Brother Kevin, (87), a native of Cork, has provided meals and care packages to tens of thousands of people for the last 53 years.

Image: PA

PRESIDENT MICHAEL D HIGGINS has led tributes to humanitarian Brother Kevin Crowley who retired today. 

Brother Kevin, (87), a native of Cork, has provided meals as well as care packages to tens of thousands of people since the Capuchin Day Centre was set up in Dublin in 1969.

When it first opened 53 years ago, it was helping around 50 people per day. Now, it sees between 300 and 500 people visiting for breakfast, and between 500 and 600 people looking for dinner every day. 

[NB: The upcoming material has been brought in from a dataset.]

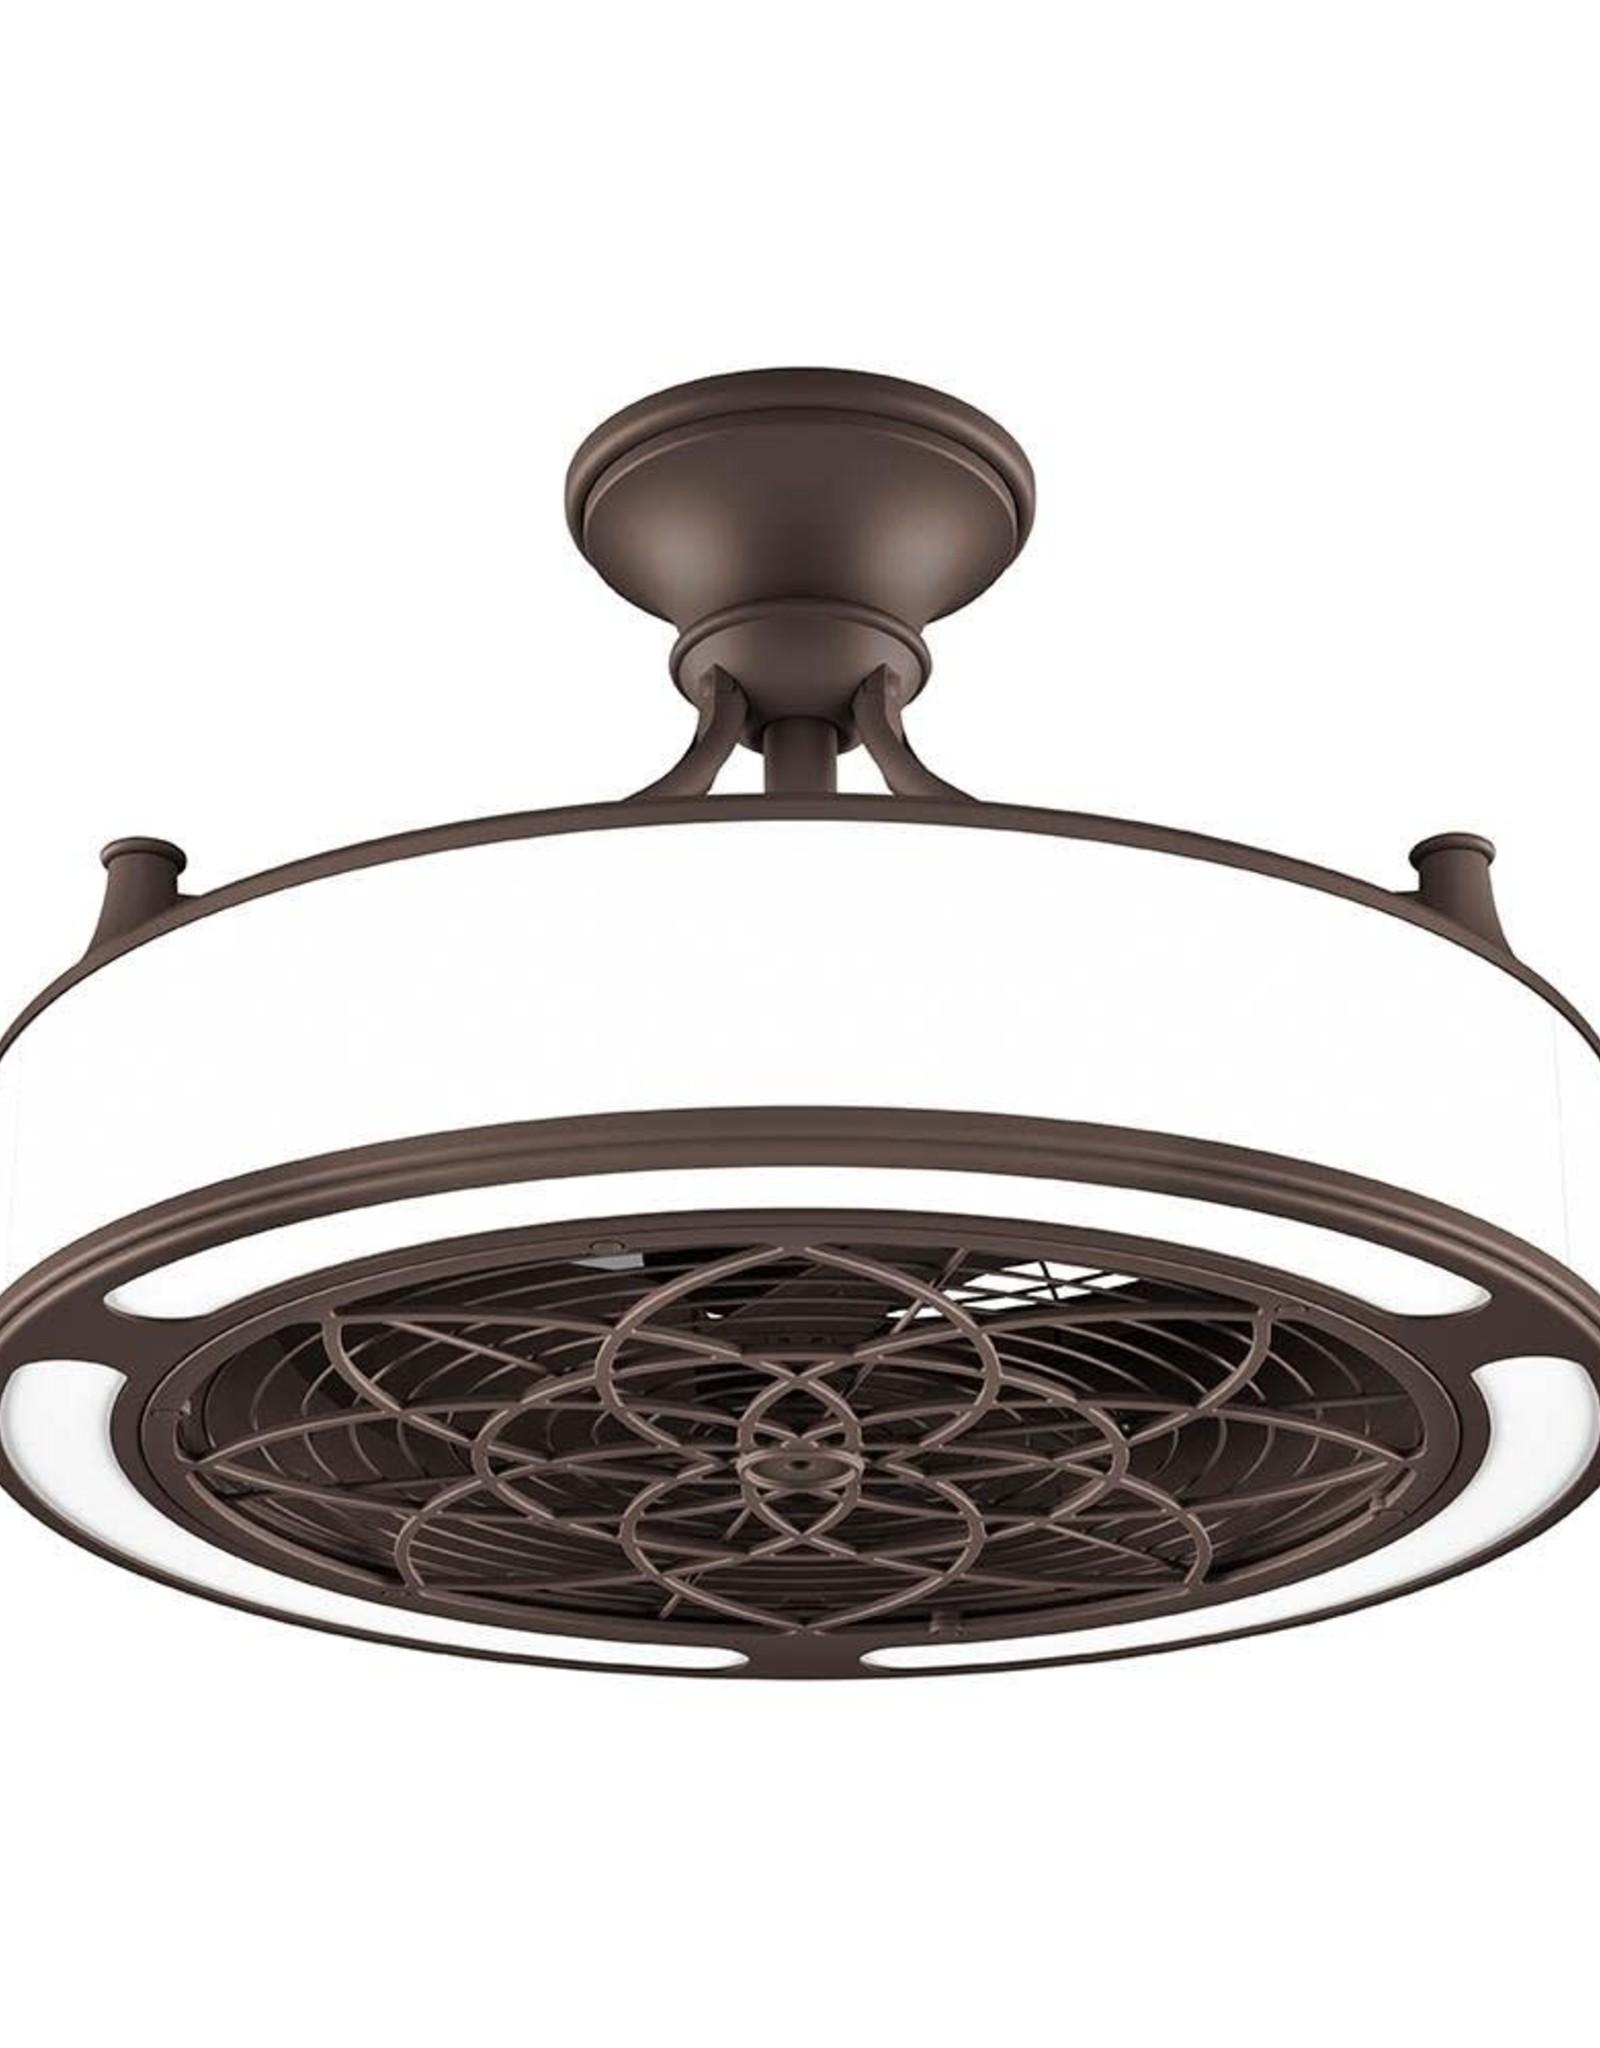 Anderson 22 in. Indoor/Outdoor Bronze ceiling fan with light
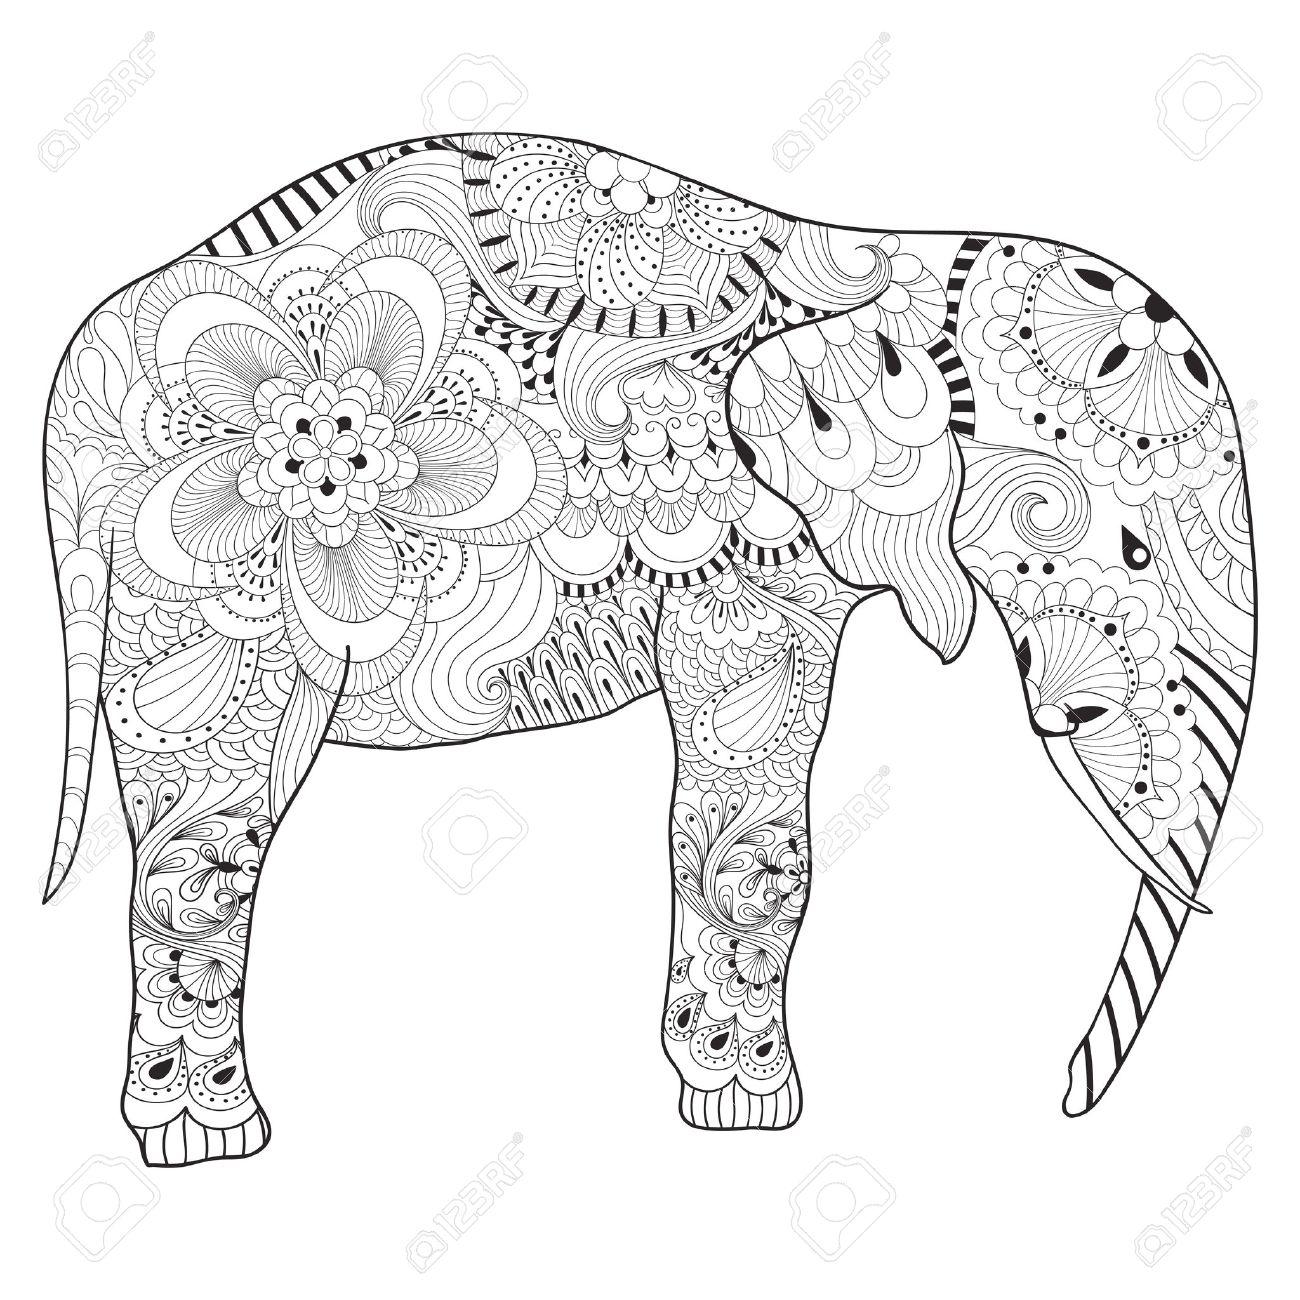 Wunderbar Malseite Elefant Mit Design Galerie - Malvorlagen Von ...

The Brother and his team provide more than 900 meals are provided every day and 1,500 food parcels are handed out to people in need every Wednesday.

In 2018 the centre was visited by Pope Francis to pay a tribute to Brother Kevin’s work. 


President Higgins paid a warm tribute to Kevin Crowley who he said has given an great service to the people of Dublin.  

“Since founding the centre in 1969, Brother Kevin has led an invaluable service that is providing essential food and compassion to those most in need in our capital city.

“Pope Francis has spoken of a ‘culture of indifference’ and has challenged us all not to avert our gaze or to turn away from those who suffer on our shared planet. Brother Kevin, and those who work alongside him, in their work are meeting this challenge every day.

“May I take this opportunity to thank Brother Kevin and all those in the Capuchin Day Centre for their great spirit of shared humanity and determined pursuit of dignity, their practical work in the delivery of human rights for all our fellow citizens. May I wish Brother Kevin my very best wishes for the future on his return to his native Cork,” he said. 

Archbishop of Dublin Dermot Farrell also sent his best wishes to Brother Kevin and spoke of how his colleague “devoted his life to the service of the poor”.

“His work with its staff and volunteers transformed the lives of those who availed of the services at the centre, from misery and despair to hope and love. 

“As Brother Kevin retires, we should remember the poor we still have with us, in ever greater numbers because of wars, famine, drug and alcohol addiction,” he said.